Question

I neex help converting this from standard form into vertex f (x)=2x^2+36x+170

Answer 1

Y=2x^2+36x+170  setup equation this way to find the parabola.

Binomial should equal zero. Disregard the constant value of 170 and replace with c. So, 0=2x^2+36x+c is your equation.
Switch your x from right to left side showing 2x^2+36x=0, divide by two and simplify.  Setup like this: 2x^2/2 + 36x/2 = 0/2.  Becomes, x2 +36x/2=0/2.
Reduce common factors to equation reads x2+18x=0/2. Divide zero by two to get 0 so, it looks like this x^2+18x=0.
Create a trinomial square on the left side of equation, you must find a value equal to the square of half of b, coefficient of x which is (b/2)^2=(9)^2 add this term to each side of the equation to get x^2+18x+(9)^2=0+(9)^2. Simplify.
x^2+18x+81=81.  Now, factor the perfect trinomial square into (x+9)^2 into (x+9)^2=81.  Move the new constant to the left side equation.
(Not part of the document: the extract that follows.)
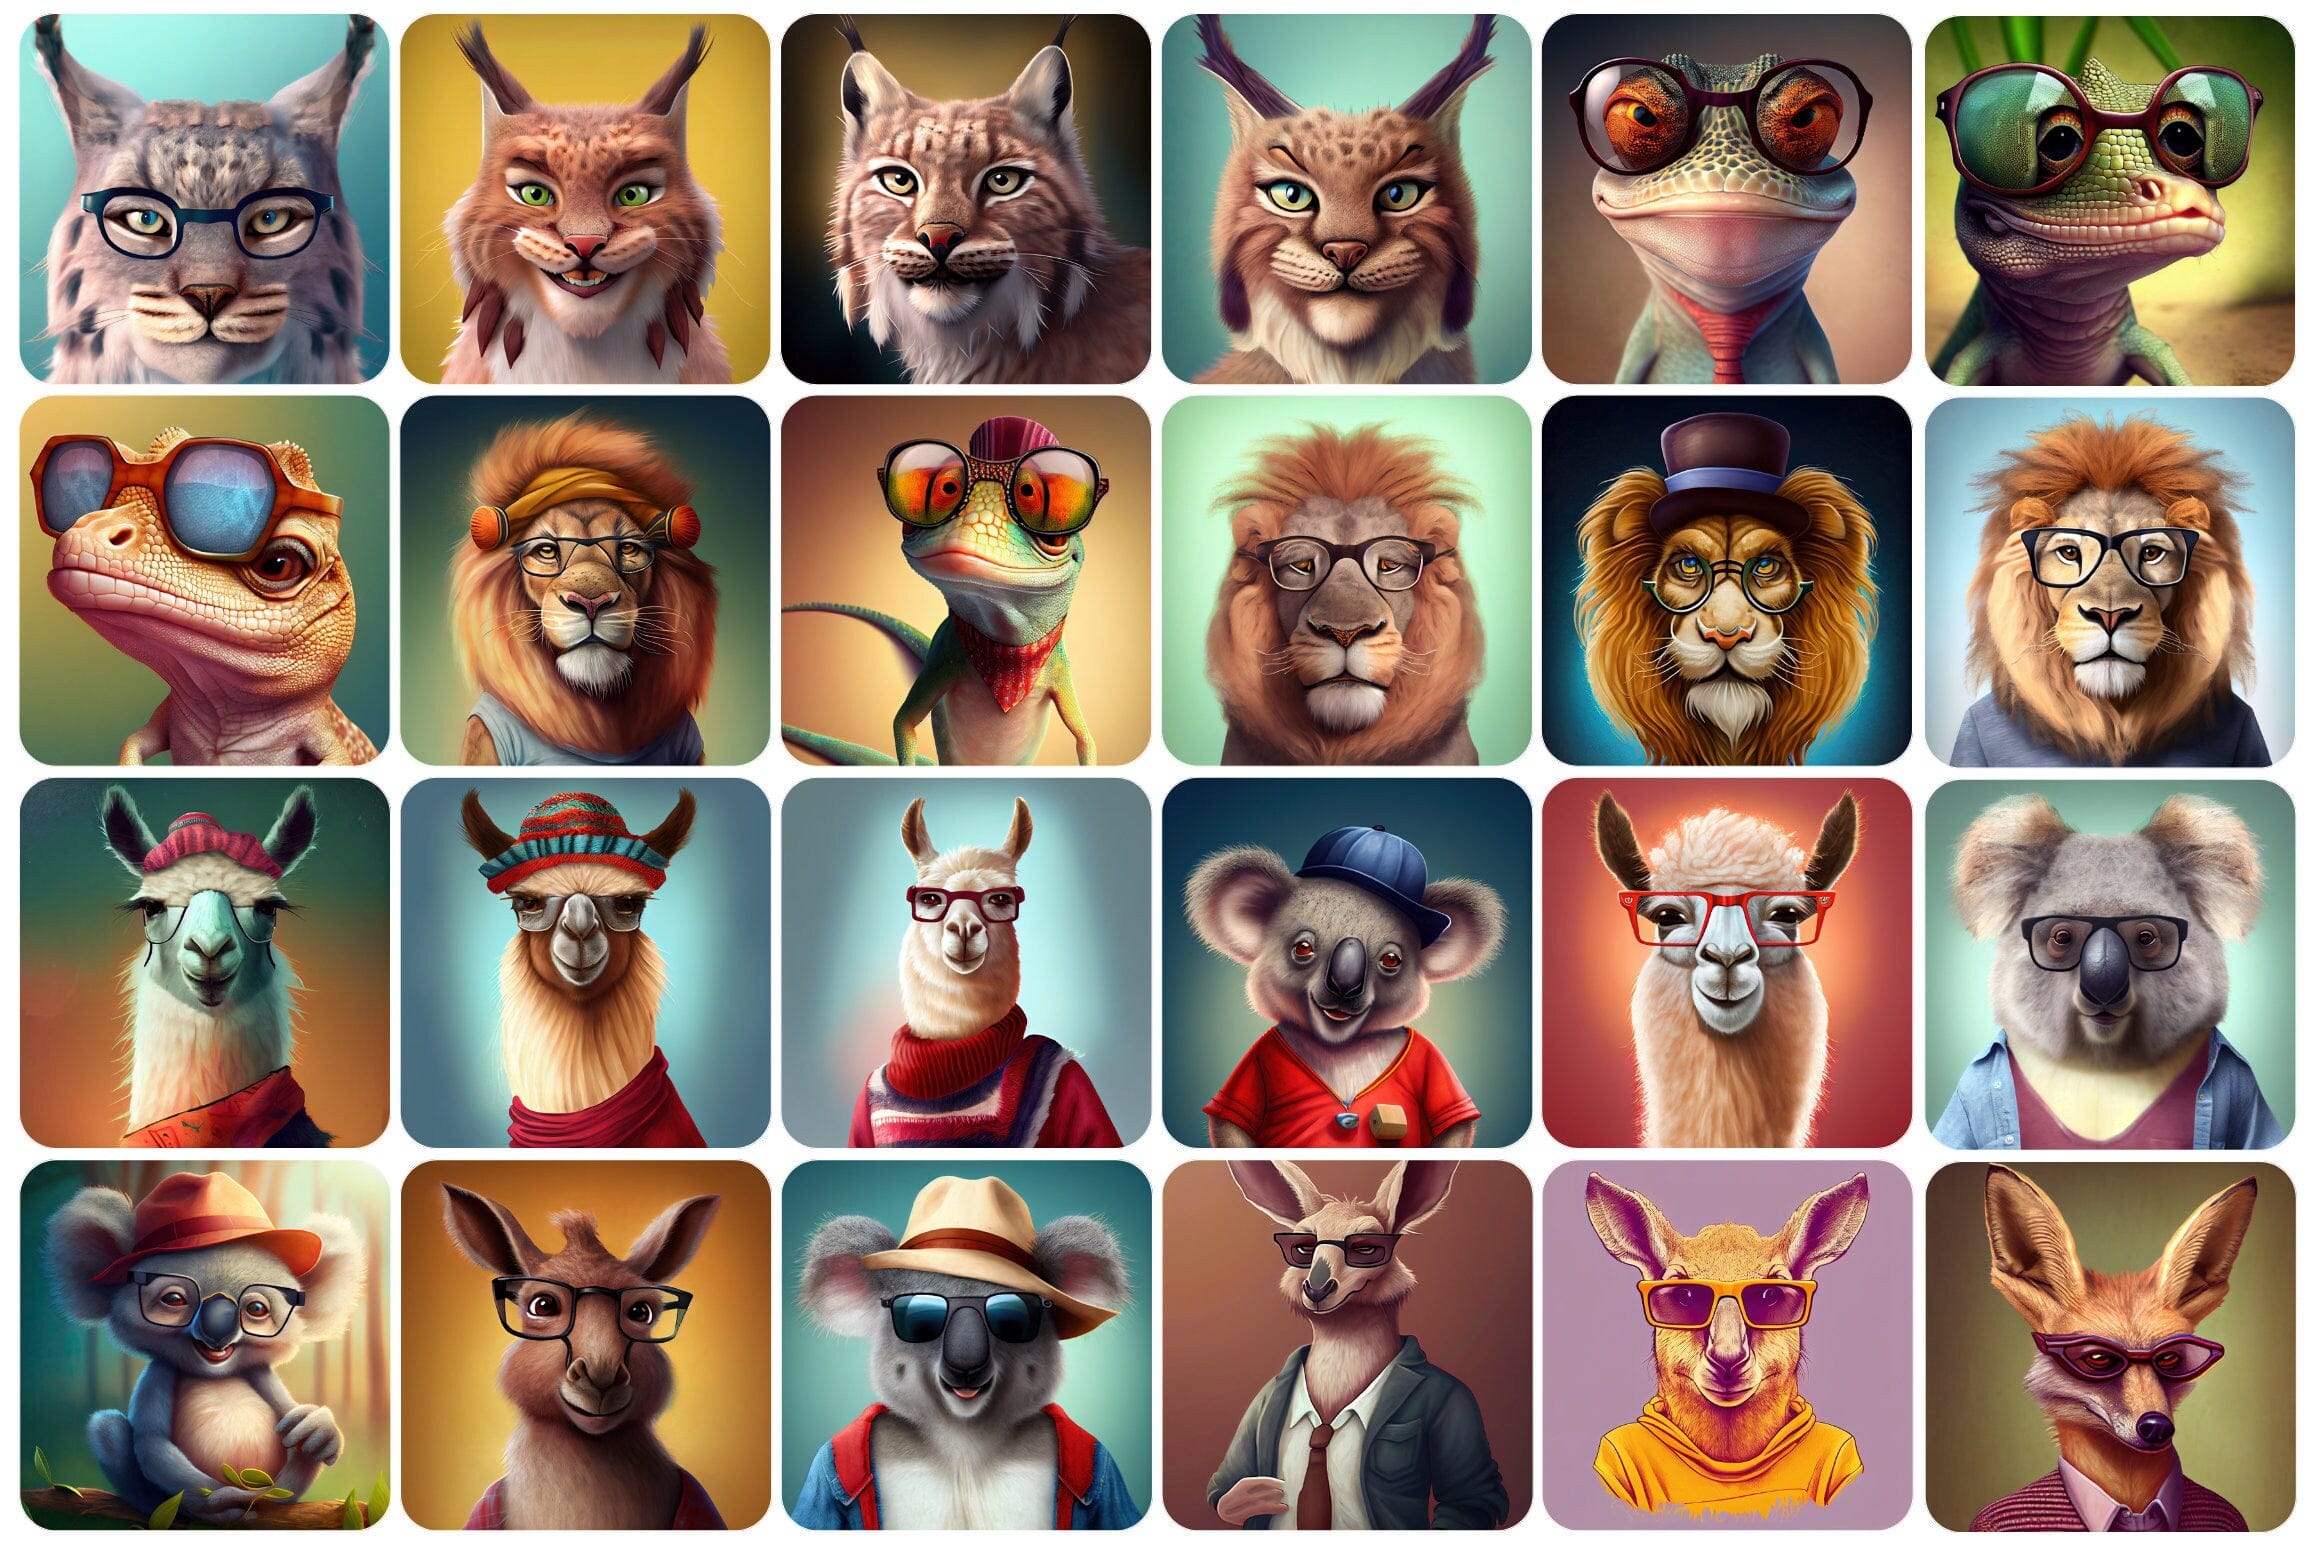 210 Printable Funny and Unique Animal Images - Perfect for Home Decor, Greeting Cards - Collection of Whimsical and Amusing Animal Photos Digital Download Sumobundle

Becomes, 
2(x+9)^2 - 162=0.  Now, add the original constant to the new constant to get
2(x+9)^2 - 162+170=0.  You must complete the square in the expression
2x^2+36x+170 for 2(x+9)^2 + 8.  Now, reorder the right side of the equation, matching the vertex form of a parabola which is y=2(x+9)^2+8.  You must use the vertex form y=a(x-h)^2+k to figure out the values of a, h, and k.
a=2   h=-9   k=8   the vertex of (h, k) is (-9,8).